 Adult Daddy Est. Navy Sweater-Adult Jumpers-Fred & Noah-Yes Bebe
:::
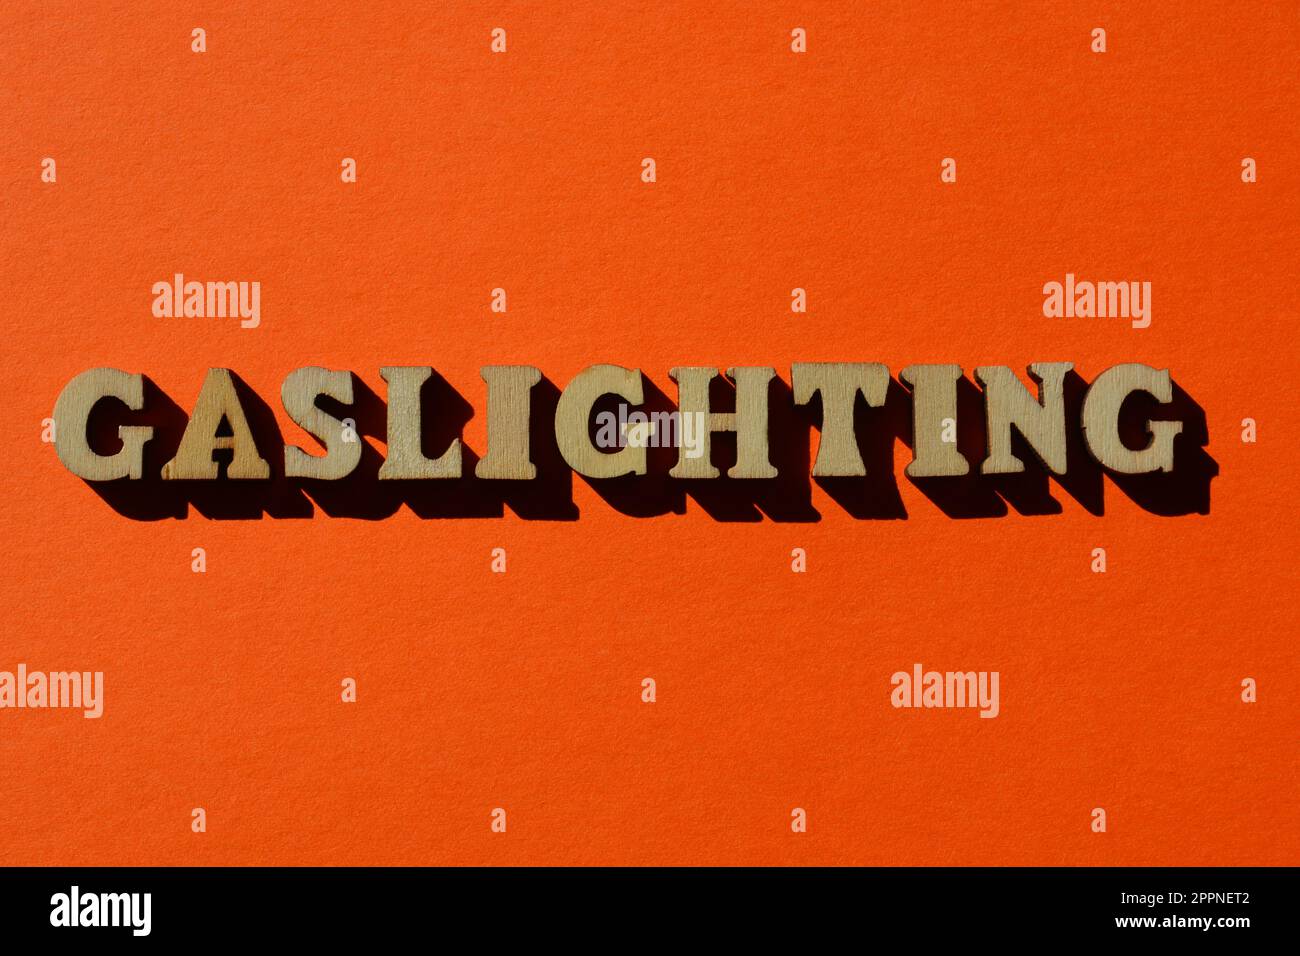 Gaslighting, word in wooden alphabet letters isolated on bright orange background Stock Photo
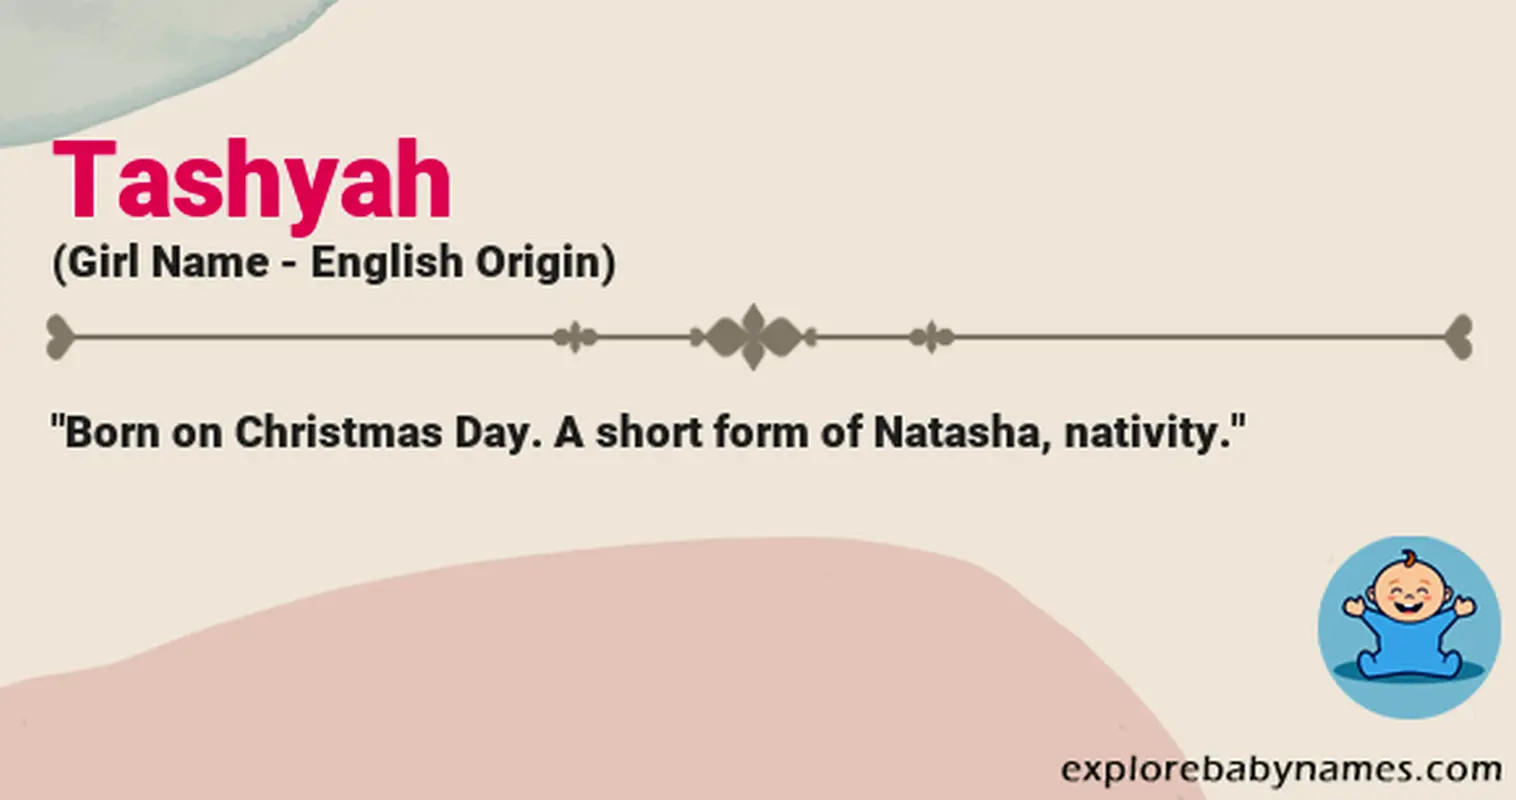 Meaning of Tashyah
:::
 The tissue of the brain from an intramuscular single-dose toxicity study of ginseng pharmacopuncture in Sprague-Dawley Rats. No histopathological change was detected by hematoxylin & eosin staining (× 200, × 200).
:::
Problem to solve: All lines above starting at the one with "Gaslighting, word in" and ending at the one with "Meaning of Tashyah", inclusive, are to be printed again exactly, with the pictures left out.

Your solution:
 Gaslighting, word in wooden alphabet letters isolated on bright orange background Stock Photo
 Meaning of Tashyah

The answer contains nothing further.